- Materials provided
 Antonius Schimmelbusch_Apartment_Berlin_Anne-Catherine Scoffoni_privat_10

--

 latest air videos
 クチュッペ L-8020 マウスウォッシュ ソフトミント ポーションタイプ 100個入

---

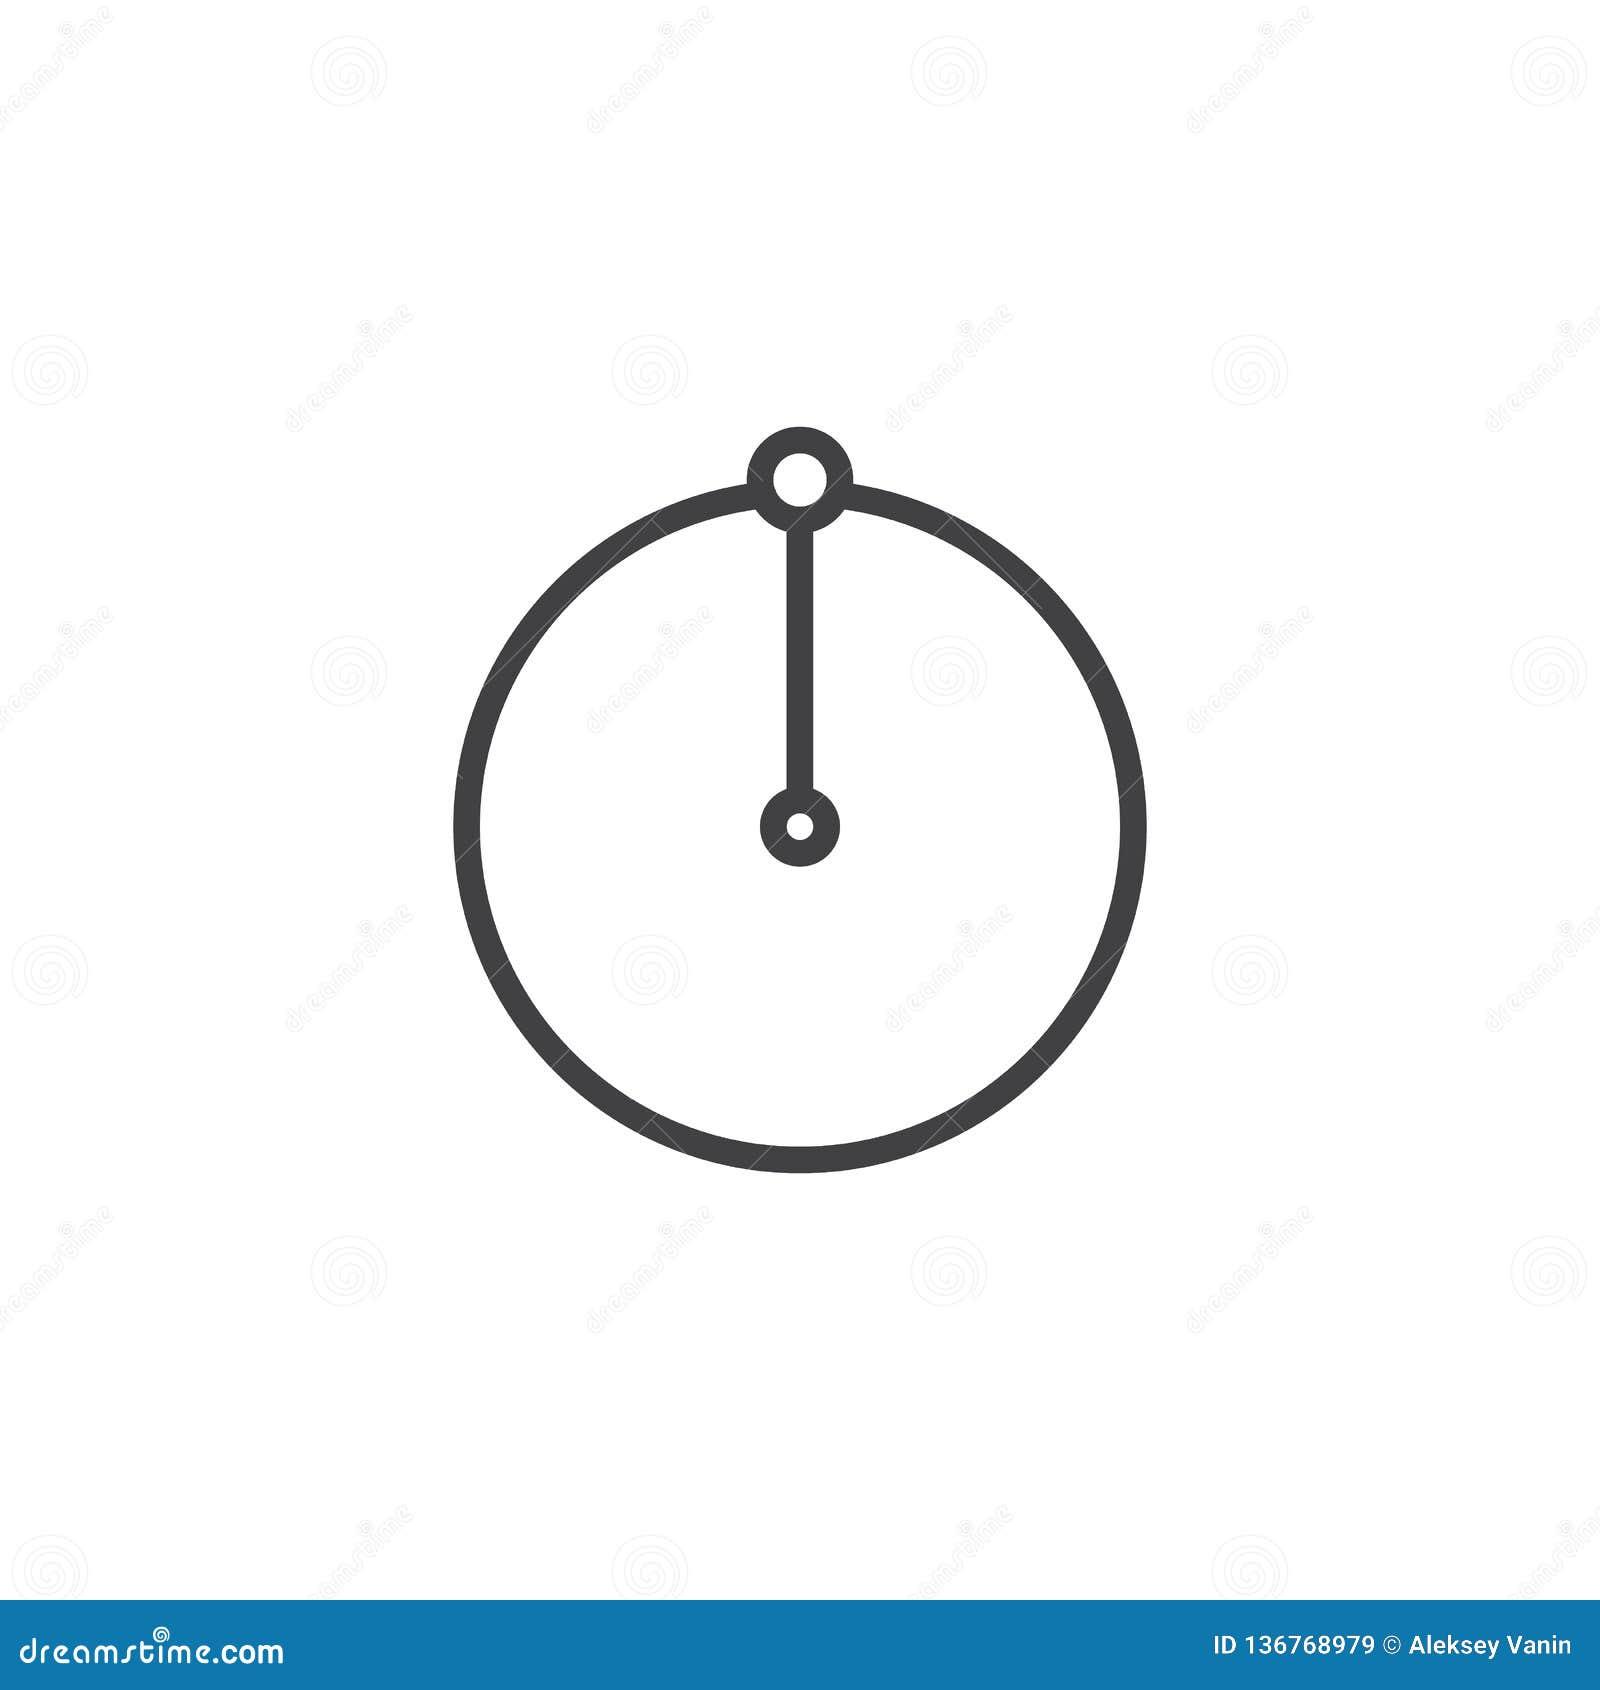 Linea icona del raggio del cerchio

- Task description
Reproduce word for word the material above, starting with the line that has "latest air videos" and stopping after the line that has "クチュッペ L-8020 マウスウォッシュ ソフトミント ポーションタイプ 100個入".

- Reply to the exercise
 latest air videos
 クチュッペ L-8020 マウスウォッシュ ソフトミント ポーションタイプ 100個入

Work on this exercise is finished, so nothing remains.